What I have come to realize in rebuilding my course is how discussions of the biological worldview and values were the obvious thread connecting our students to the study of biology and, potentially, to engagement with the intellectual skills involved in this type of work. My department had designed a course to teach students how to study biology, but perhaps we hadn’t given enough thought to the reasons why one might study biology. We also needed to train students to make their own choices based on their own values and preferences among the many subdisciplines and career paths extending from the study of biology. If our goal in the introductory course was to begin to prepare students in the skills, abilities, and dispositions that would best serve them in the future, we had overlooked some important parts of the dispositions. And while values lead to bias in the process of science, they also lead toward the questions we are most interested in asking about the natural world. Values provide the foundation for lifetime engagement in the work of science.
“While values lead to bias in the process of science, they also lead toward the questions we are most interested in asking about the natural world. Values provide the foundation for lifetime engagement in the work of science.”

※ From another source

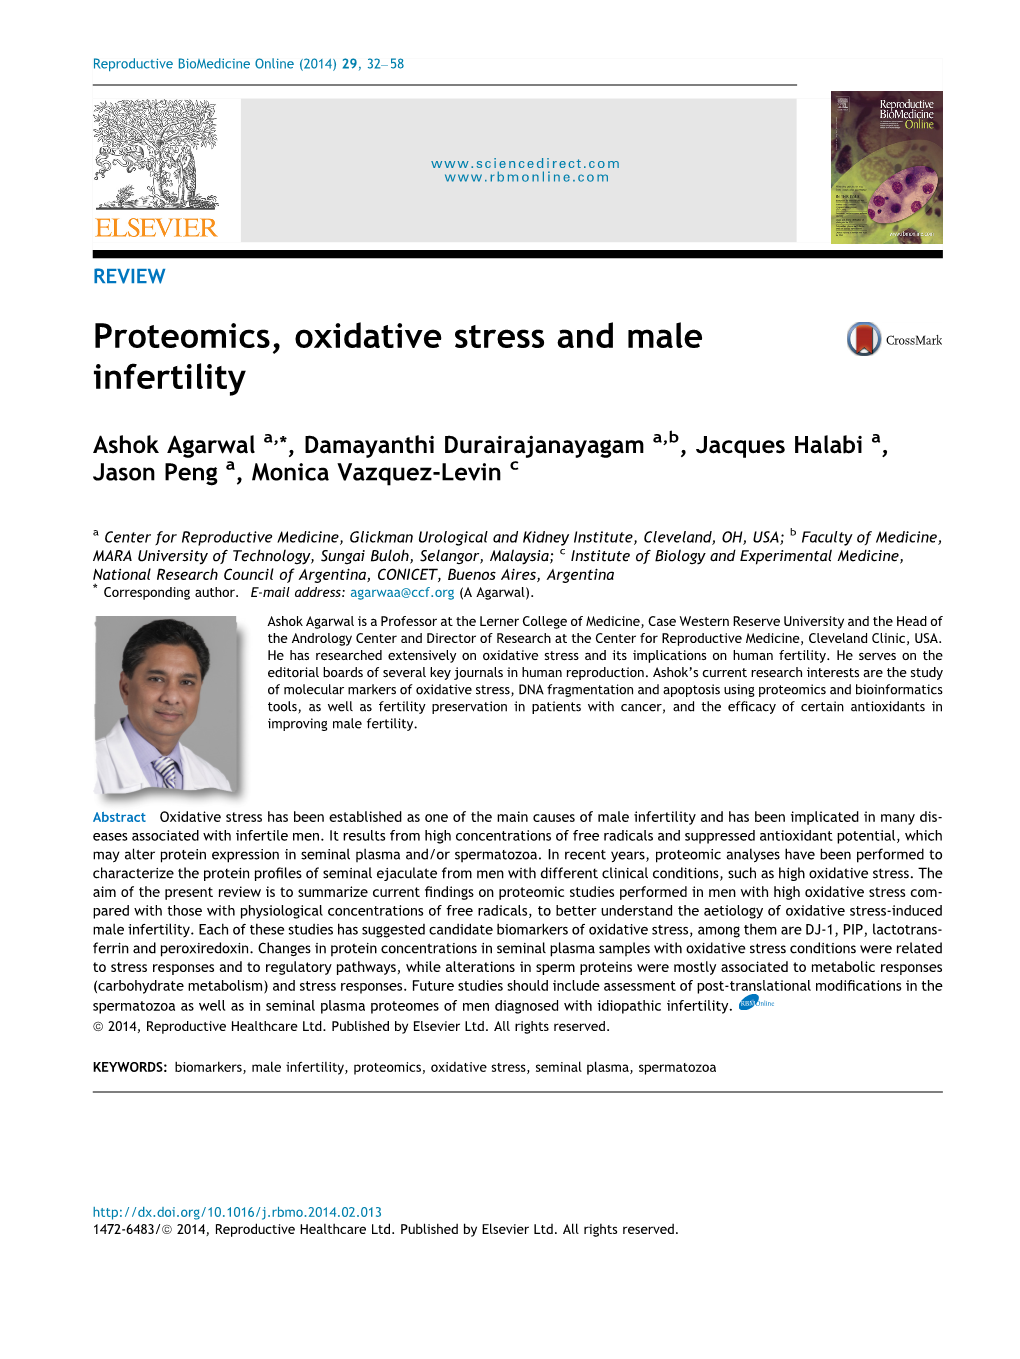 Proteomics, Oxidative Stress and Male Infertility

The changes to my course are new enough that I can’t make any grand claims about significant gains, but I can say that this year I have learned more about my students’ personal interests sooner on in the course. They also talked more openly in discussions, and many of them left the course with stronger responses about their understanding of the work of biology than they were able to provide at the beginning. I haven’t had the same level of kick-back that I’d previously experienced. I am hopeful that my students have left the course with some practice at the intellectual skills involved in science as well as an enlarged understanding of why they might study biology and what it might offer to their lives.
Works Cited
Gould, Stephen Jay. The Mismeasure of Man. 2nd ed. New York: W. W. Norton, 1996.
Janovy, John Jr. On Becoming a Biologist. 2nd ed. Lincoln: University of Nebraska Press, 1996.
Pirsig, Robert M. Zen and the Art of Motorcycle Maintenance: An Inquiry into Values. 2nd ed. New York: HarperCollins, 1999.